Thursday, January 17, 2019

Don't argue climate change. A Madison photojournalist is showing it.

Madison is home base for the globe-trotting, award-winning photojournalist Michael Kienitz.
His traditional photography has appeared in Life, Time, and Newsweek, and other major publications worldwide and his work has been exhibited in the United States and Europe. He was an instructor of photojournalism in the School of Journalism at the University of Wisconsin, Madison. His work has been disseminated world wide by various photo agencies including Contact Press Images, Black Star, Picture Group and Mercury Pictures.
Lucky for Madison and the rest of us that Kienitz has turned his attention and lenses towards Iceland's disappearing glaciers.

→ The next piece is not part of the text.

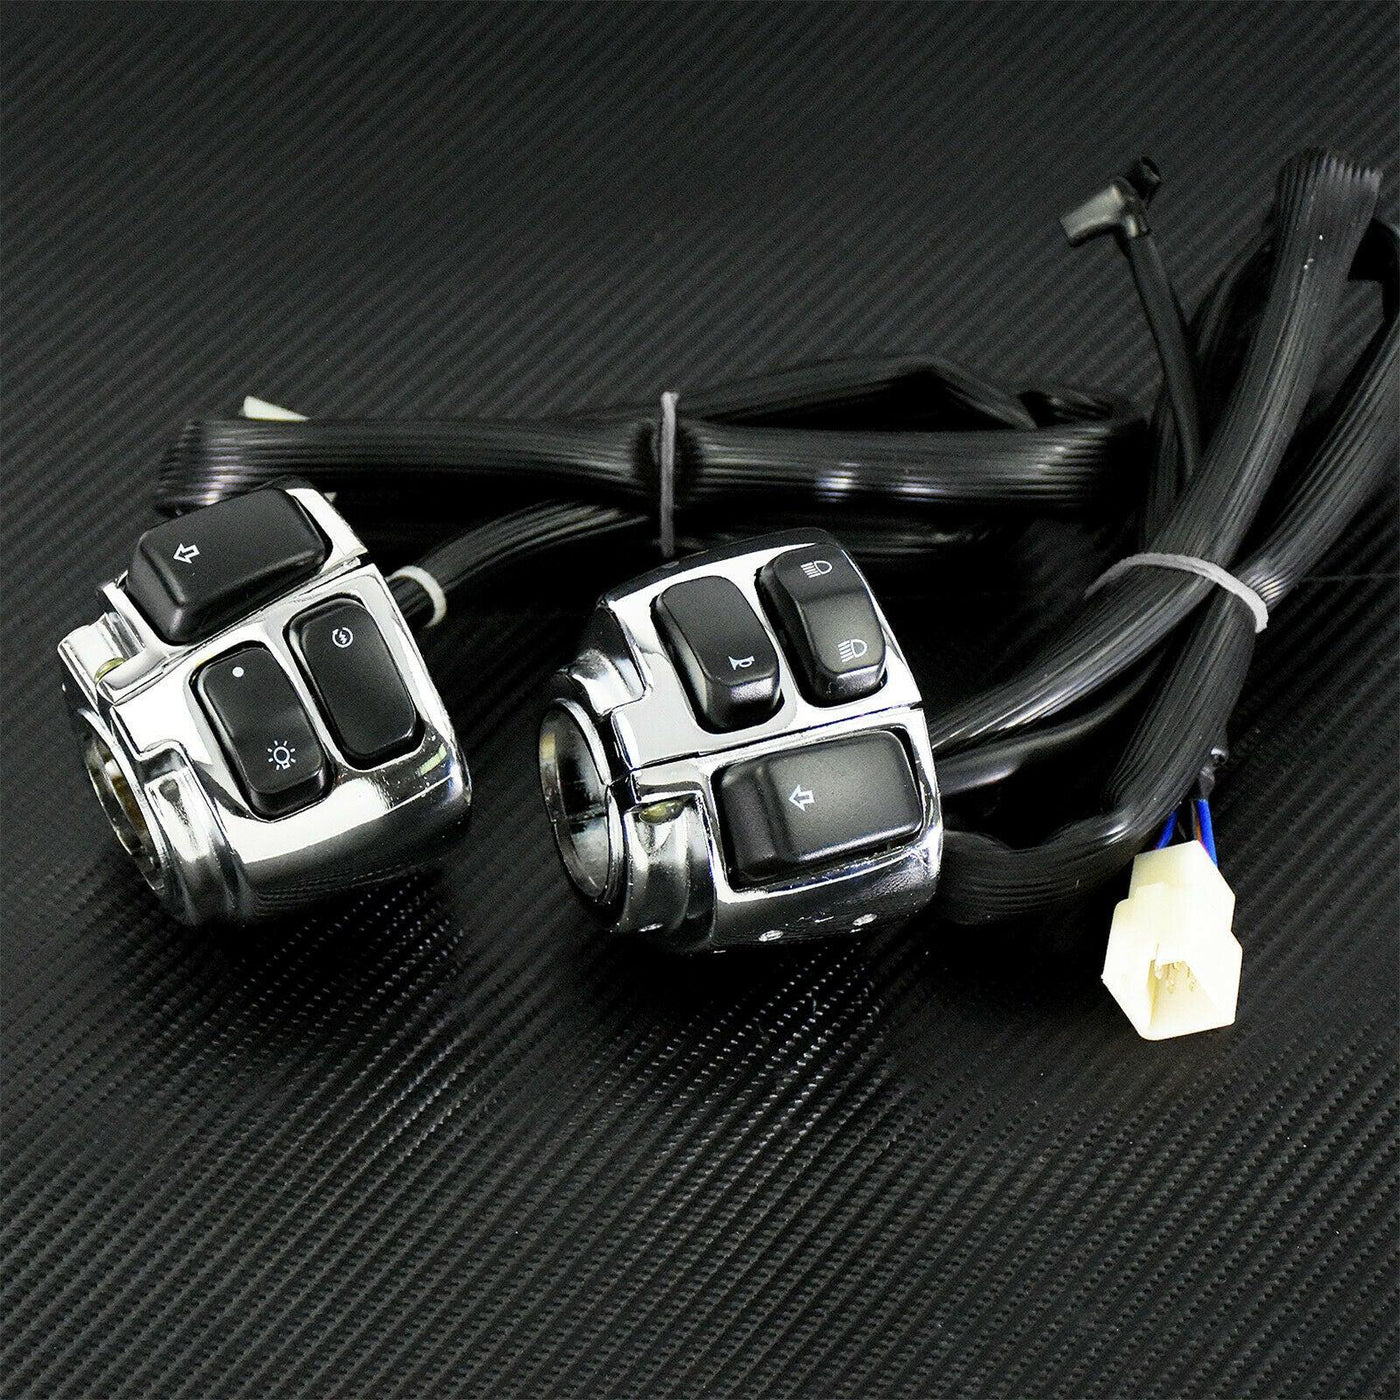 Chrome 1" Handlebar Control Switches+ Wiring Harness Fit For Harley Sportster - Moto Life Products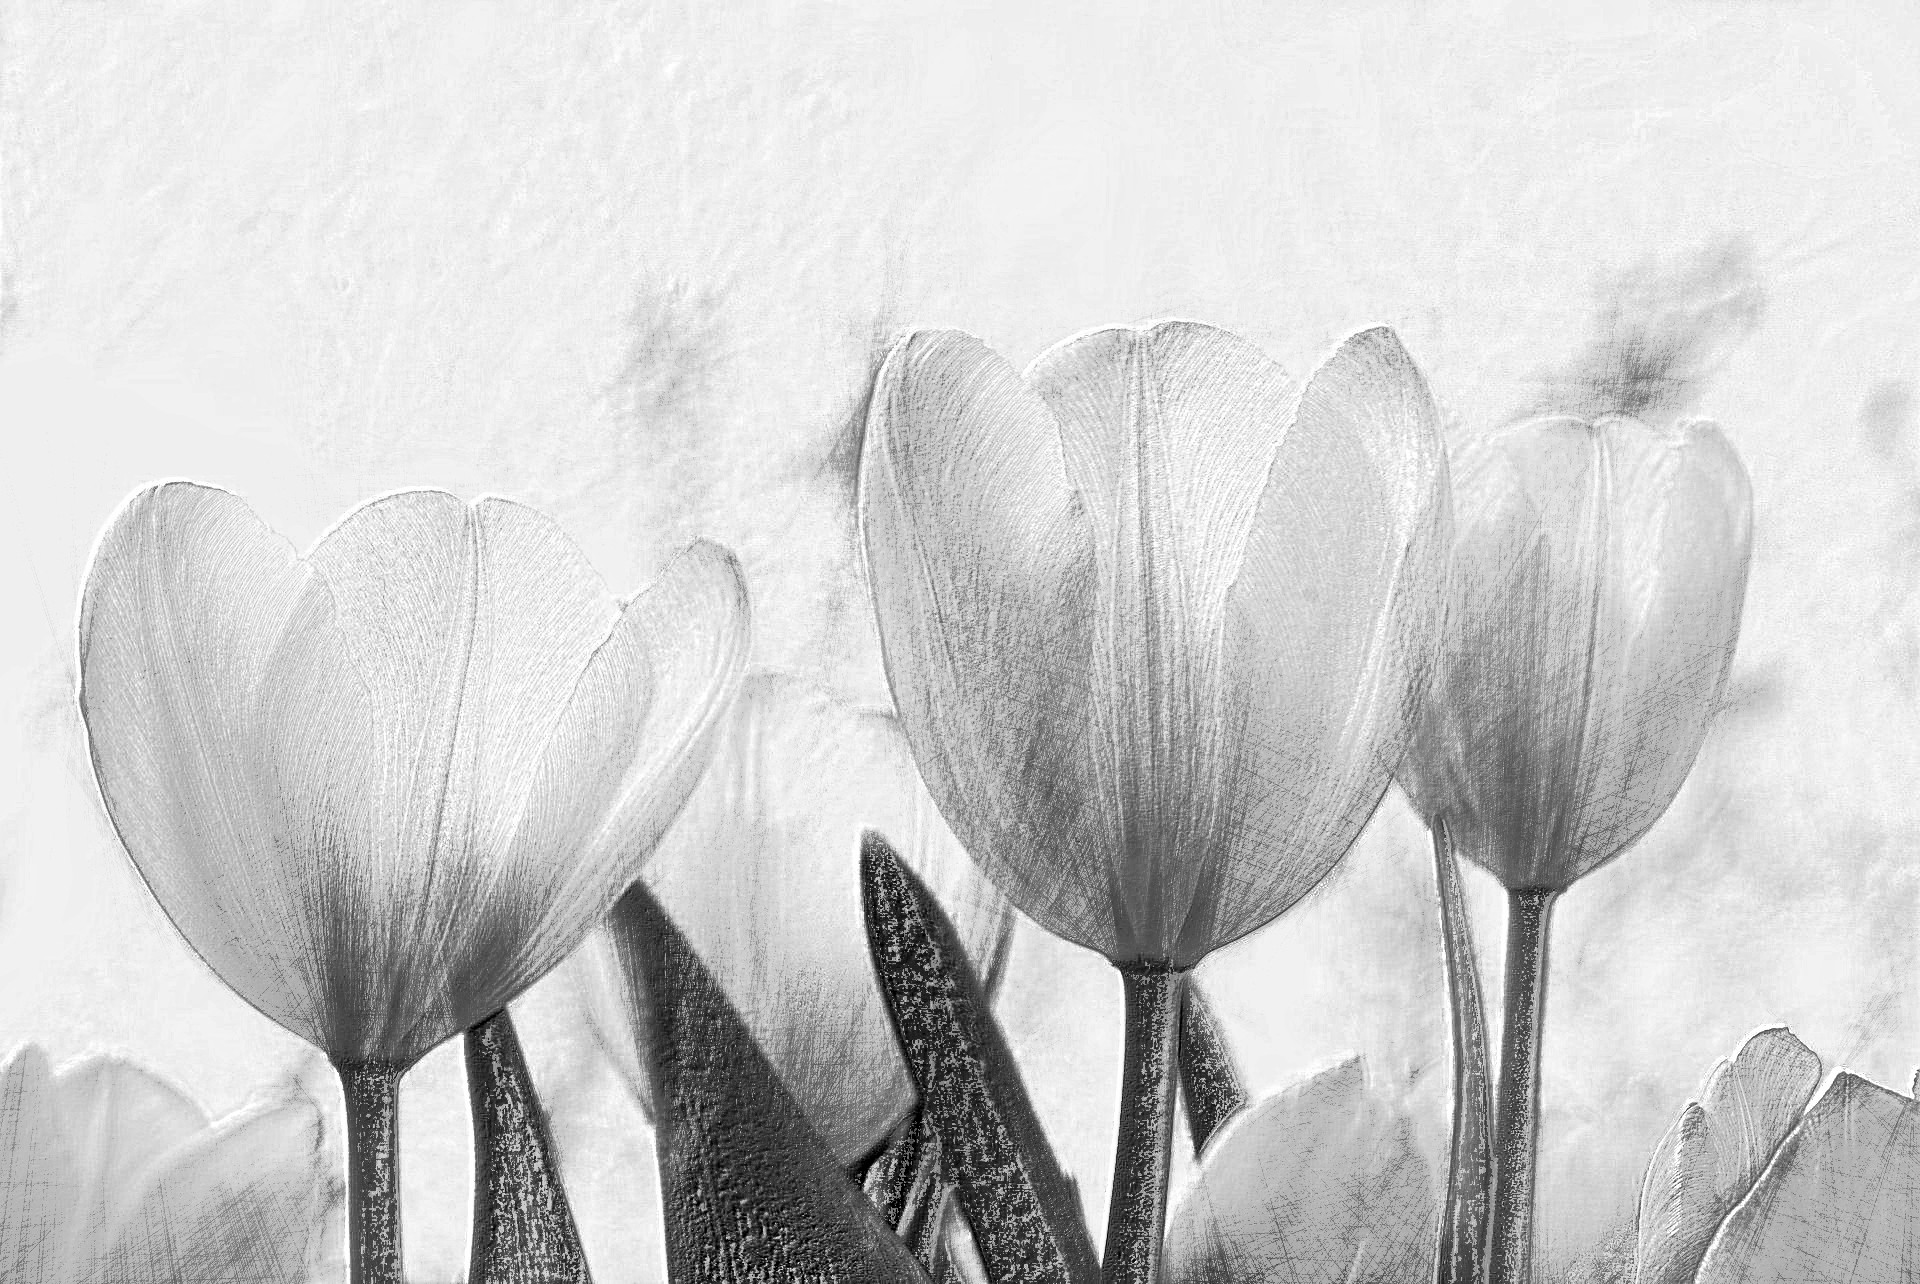 2020-08-22 12-10-12nature-3263198_1920 with a draw on black effect, using option B&W and pencil lead=HB.jpg

A website hosted by the Icelandic National Park where Kienitz recorded images explains his decision:
It all happened 5 years ago, when Kienitz was visiting Iceland for the first time. He was on a guided tour to see the ice caves, when the guide took out his phone to share a gorgeous photo of an ice cave. The guide told him that two years ago, the glacier was where he stood. Iceland’s glacial ice is melting, due in large part to climate change. That is what inspired Kienitz to capture the landscape before it vanishes.
This dramatic, alarm-sounding story - - "Iceland's Vanishing Beauty" - - is on display in exquisite color reproductions exclusively through February 3 at the Chazen Museum of Art, 750 University Ave., Madison, Tuesday, Wednesday and Friday, 9-5, Thursday, 9-9, Saturday and Sunday, 11-5.